# Data for analysis
• • •
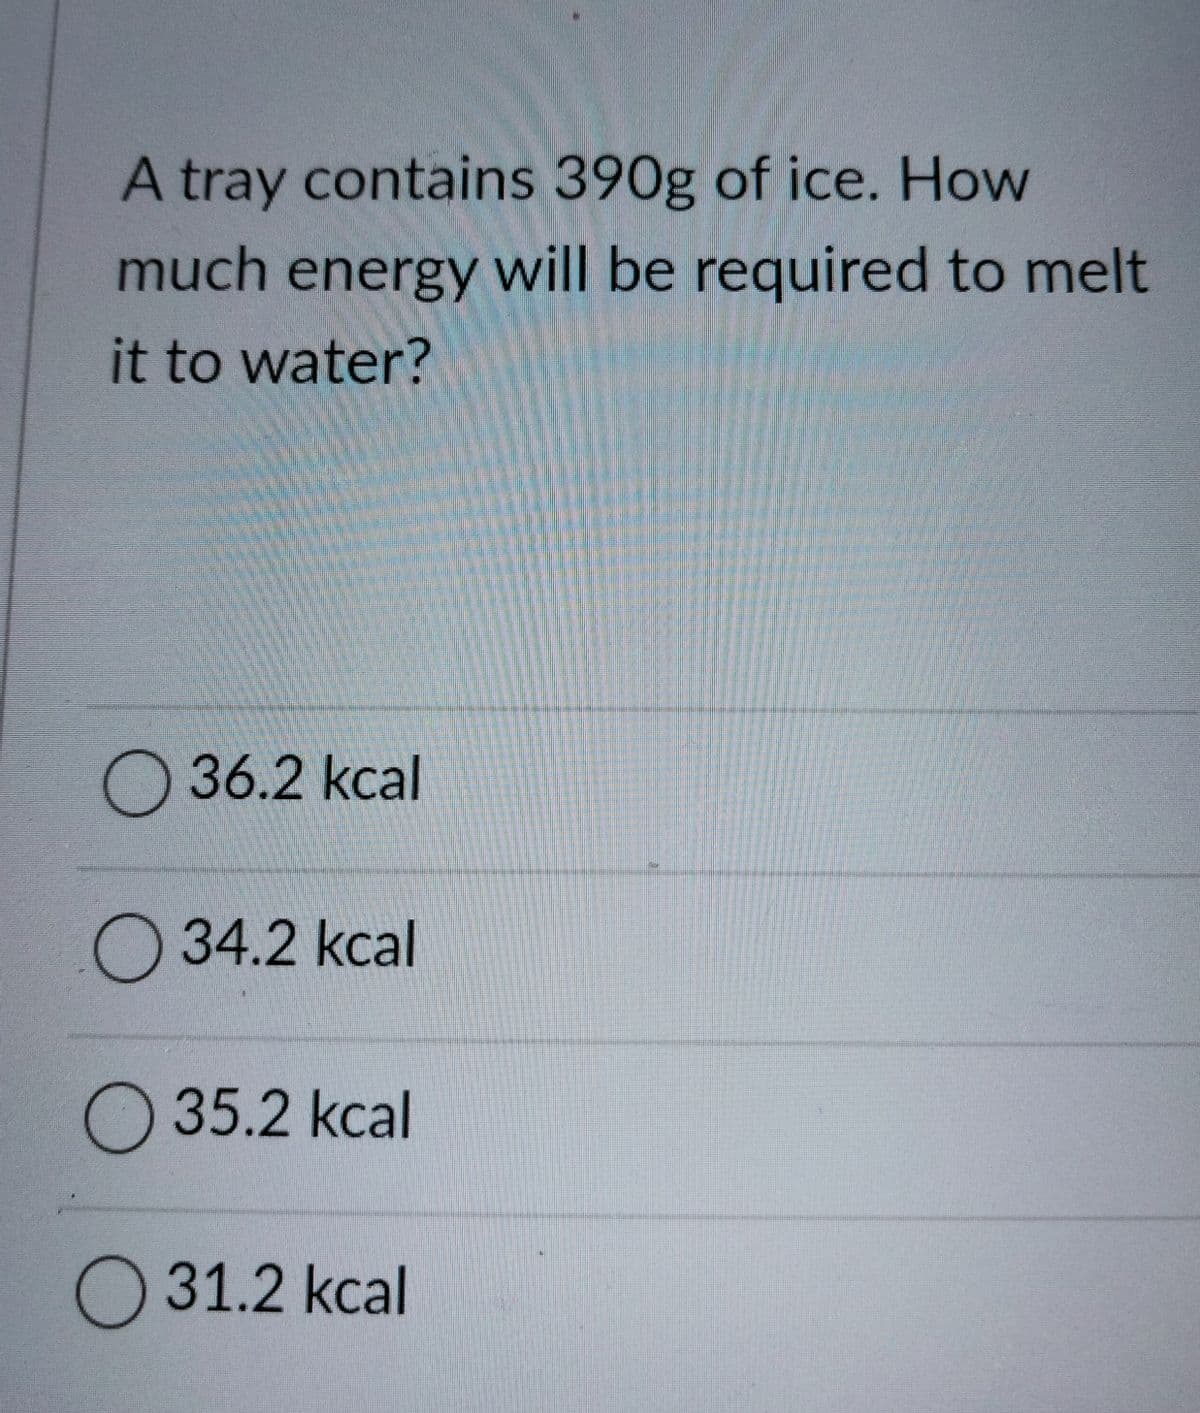 A tray contains 390g of ice. How
much energy will be required to melt
it to water?
O 36.2 kcal
34.2 kcal
O 35.2 kcal
O 31.2 kcal
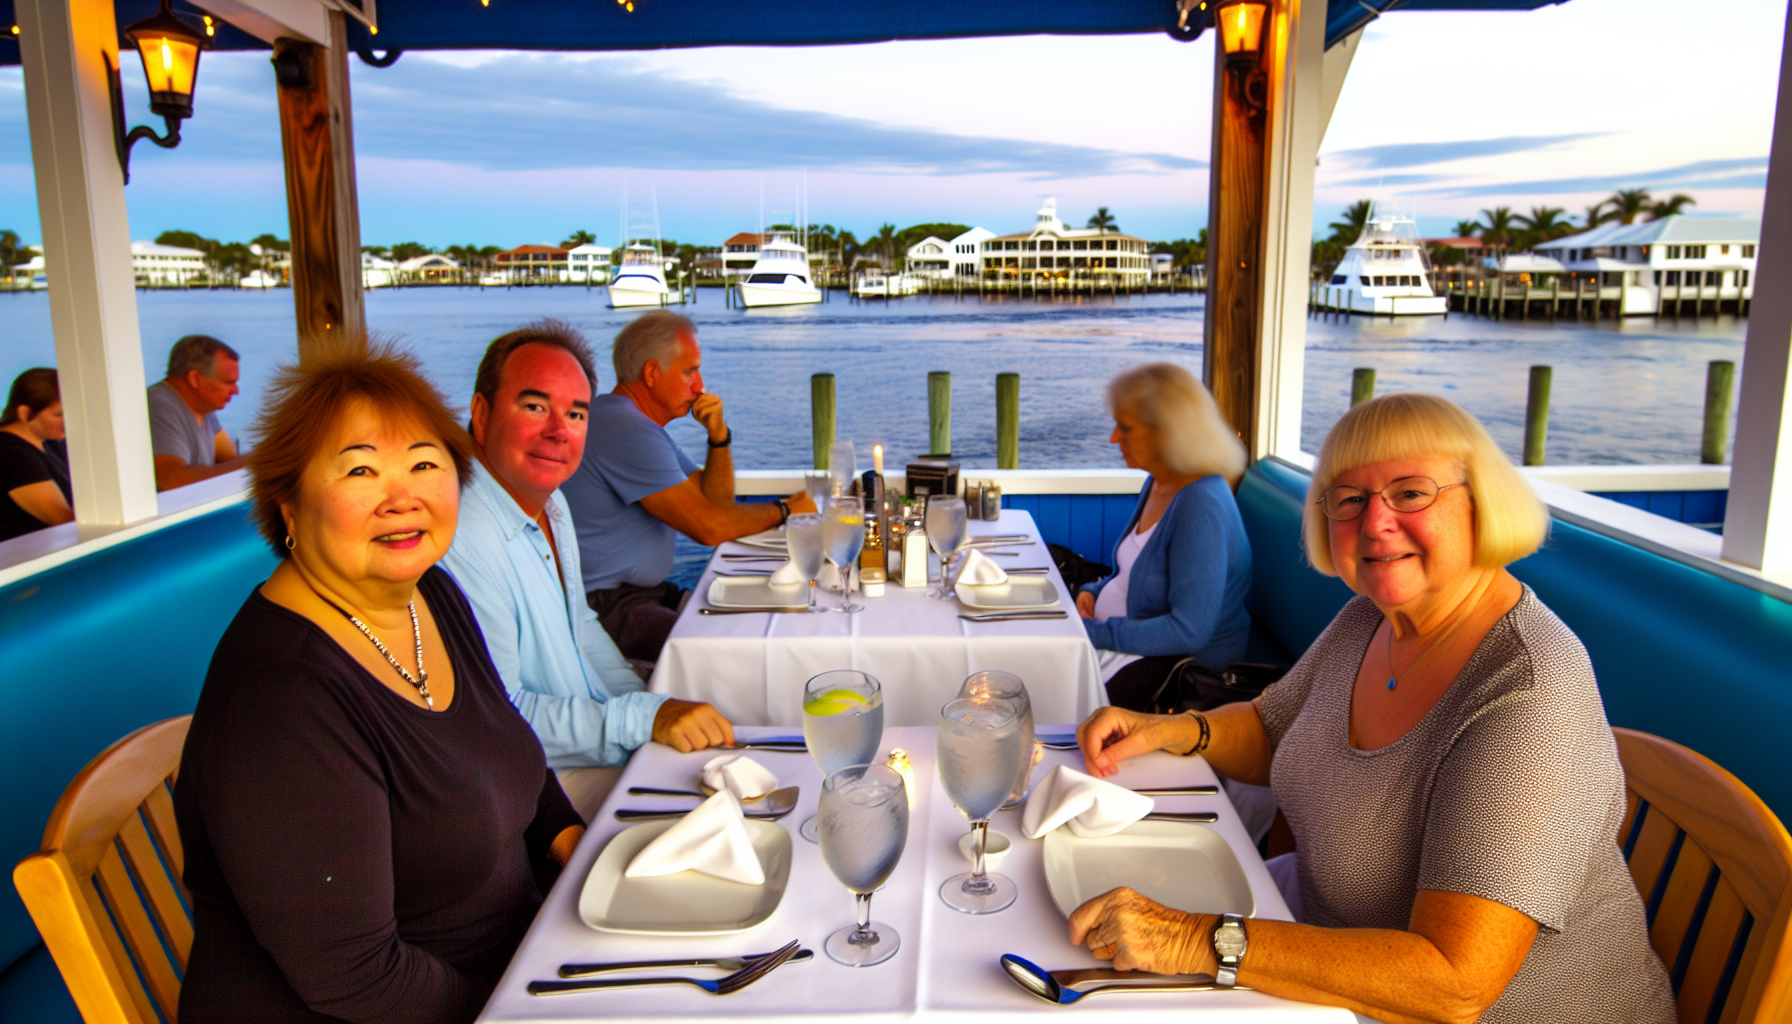 Dining experience at Blue Moon Fish Co. on the Intracoastal Waterway
• • •
# What is being asked
Every line above is to be repeated exactly, but no picture is to appear in the copy.

# Answer box
 A tray contains 390g of ice. How
much energy will be required to melt
it to water?
O 36.2 kcal
34.2 kcal
O 35.2 kcal
O 31.2 kcal
 Dining experience at Blue Moon Fish Co. on the Intracoastal Waterway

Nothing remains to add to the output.